IMO 1976 Problem 2
The polynomials are defined by iteration of $P_1(x)=x^2-2$, so that $P_n$ is the $n$-fold composition of $x^2-2$ with itself.
Proposed by: -
Verified: no
Verdicts: FAIL + FAIL
Solve time: 4m04s
Problem
Let $P_{1}(x) = x^{2} - 2$ and $P_{j}(x) = P_{1}(P_{j - 1}(x))$ for $j= 2,\ldots$ Prove that for any positive integer n the roots of the equation $P_{n}(x) = x$ are all real and distinct.
Exploration
The polynomials are defined by iteration of $P_1(x)=x^2-2$, so that $P_n$ is the $n$-fold composition of $x^2-2$ with itself. The equation $P_n(x)=x$ asks for fixed points of this iterated map.

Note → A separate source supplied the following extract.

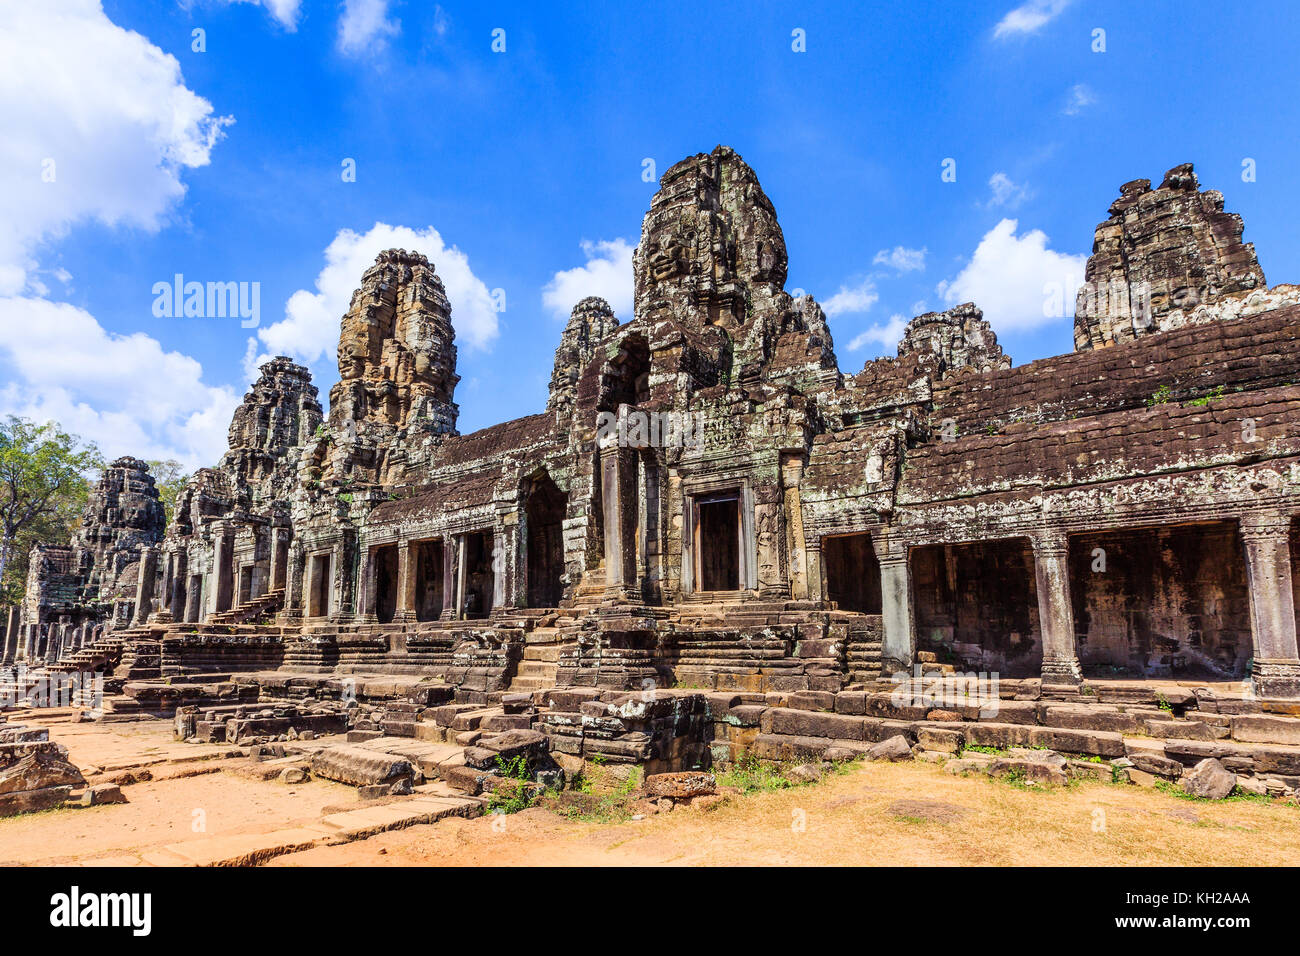 Angkor, Cambodia. The inner gallery of the Bayon temple. Stock Photo
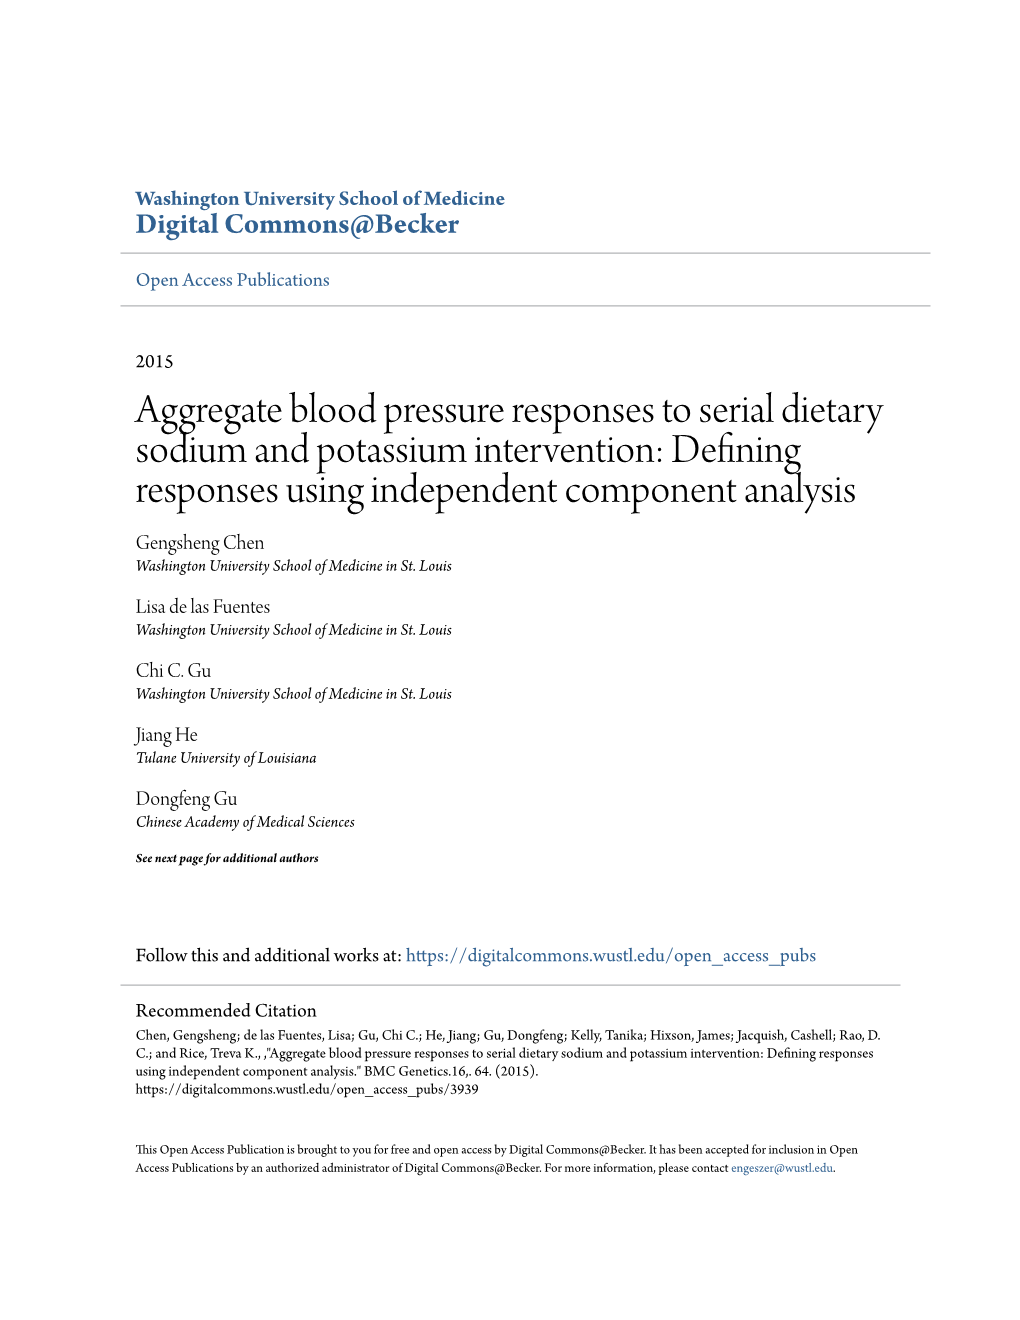 Aggregate Blood Pressure Responses To

Direct computation for small $n$ gives structure. For $n=1$, the equation $x^2-2=x$ yields $x^2-x-2=0$, hence $x\in{-1,2}$. For $n=2$, we solve $(x^2-2)^2-2=x$, a quartic, and numerical inspection suggests four distinct real roots. The pattern suggests that all solutions remain real and that their number doubles each time, giving $2^n$ distinct real solutions.
The map $x\mapsto x^2-2$ is closely connected to the Chebyshev polynomial identity $2\cos(2\theta)= (2\cos\theta)^2-2$. This suggests the substitution $x=2\cos\theta$, which converts iteration into angle doubling: $P_n(2\cos\theta)=2\cos(2^n\theta)$. Then the equation $P_n(x)=x$ becomes $2\cos(2^n\theta)=2\cos\theta$, i.e. $\cos(2^n\theta)=\cos\theta$, leading to linear congruence conditions on angles. This produces explicit real roots and shows distinctness via distinct angles in $[0,\pi]$.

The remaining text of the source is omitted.